I like the game snake — not so much playing it, but implementing it. The natural consequence
is an autopilot. This way I can just watch instead of playing. On the German version of this
blog, there are already quite a few implementations with different heuristics, but nothing
particularly good at playing Snake.
But now I present an autopilot which can (at least sometimes) play a perfect game of Snake.
In case this gif does not convince you, this autopilot can run directly in the browser
So, how does it work?
If one does not know how to solve something, try to make a neural net come up with a solution.
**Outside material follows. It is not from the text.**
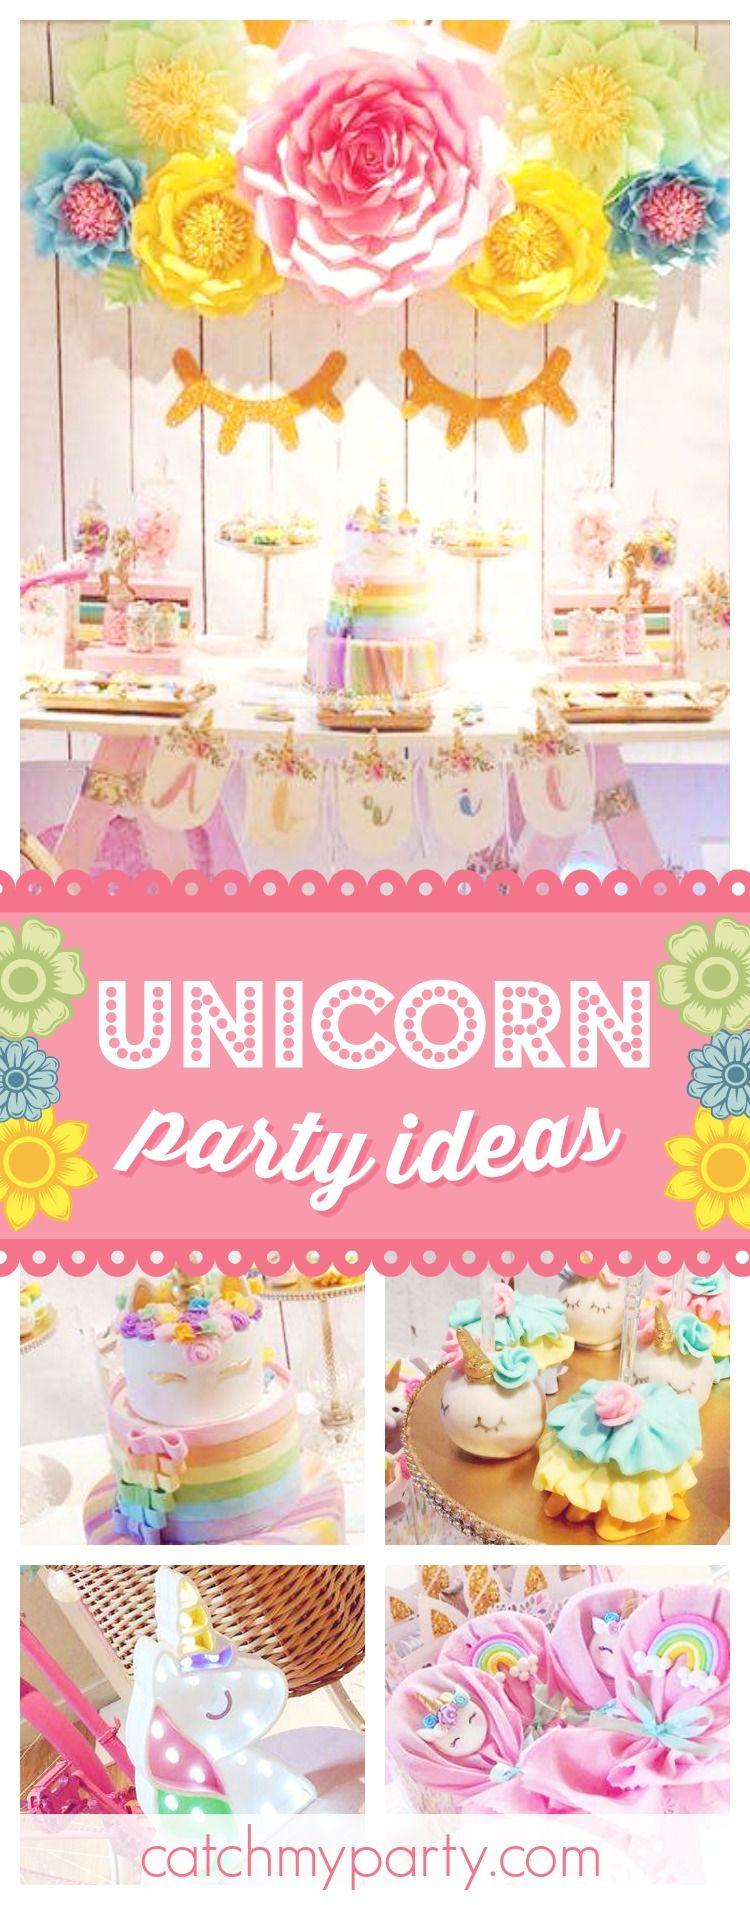 unicorn unicornio birthday sleepy eyes unicorn. Black Bedroom Furniture Sets. Home Design Ideas

One example of this applied to classic Atari games was this paper,
from ten years ago. We will apply this idea of reinforcement learning to snake in this post
(but of course others have done this already
The fundamental idea of reinforcement learning is quite simple. Just reward the model for
good decision, such that it may learn to make good decisions. So here we will use the score
defined as the length of the snake at the end of the game as the objective which is
maximized by good decisions.
Fortunately, there is already a lot of literature how reinforcement learning can be
implemented. We will use the actor-critic approach. So we construct a neural network
which takes the current state of the game as input and splits into two heads. One
head is the Actor with 3 outputs, which correspond to the next action to take: “right”,
“left” or “straight ahead”. The other head is the Critic with one output representing
an estimate of how long the snake can grow from the current situation.
For training a full game is played by following the advice of the Actor plus a bit of noise
to explore new strategies. Then the Critic is trained with all encountered game states
to produce estimates for the final score, which should predict the score that was indeed
For training the Actor, we take states of the game, make a different decision and
ask the Critic how good the resulting situation is. Depending on the estimated quality,
we teach the actor to make this decision more or less often.
So Actor and Critic help each other at getting better and
the common part of the neural net should gain an “Understanding” of the game which both
can base their output on. Ingenious!
My Implementation uses the Python libraries Keras and Tensorflow for training and
multiJSnake (German post) as
the environment. It is a strange decision to implement the environment in Java.
The reason is that it already existed and the combination offered the opportunity
to write a post on the
blog of my employer.
For this post, we will just treat the environment as a black box, which enforces the
rules of Snake.
One of the most important decisions when designing the model is to determine
the nature of the input. The simplest option, which is quite suited for testing,
is using the local information around the head of the snake: three neurons (0 or 1)
indicating whether the field right, left and ahead are occupied by a wall or the
snake body (and eight more for the diagonals and two fields, left, right, ahead and behind
for a bit more farsightedness). Also we have to indicate where the food is, which
we solve with 4 further neurons (0 or 1) representing whether the food is left,
right, in or against the direction of the snake’s movement.
Behind the input we build a fully connected layer and behind that we
connect directly the two heads.
And after a few thousand training games
the snake moves directly towards the food and avoids itself. But it is not
yet clever enough to avoid catching itself in loops.
Well, even the heuristic of rsnake (German post)
To avoid the snake trapping itself, we should give it global information of the
playing field — it is only fair, since humans do see the whole field, too.
But even with a \(10 \times 10\) field, there would be at least 100 input neurons,
such that fully connected layers would lead to very large models. Instead,
convolutional neural networks
seem like a very good fit to solve this problem, especially since our input is
of two-dimensional nature. To make life for our artificial intelligence a bit
easier, we split our playing field in three channels
- the Head: only the position of the head has a 1, otherwise 0
- the body: the positions of the body have a value corresponding to the number of timesteps they will be occupied
- the food: only the position of the food has a 1, otherwise 0
This is not even an advantage for the snake, since a human player also sees with three
And to make life for our snake even easier, we change the output of the actor from
three relative (left, right, ahead) to four absolute (north, east, south, west) directions.
This model layout deserves to be called deep learning. The other model parameters
can be looked up at github.com/surt91/multiJSnake.
And after a few tenthousand training games this model works well enough to
routinely play perfect games on a \(10 \times 10\) field.
And since I only trained it on a \(10 \times 10\) field, it fails on every other size.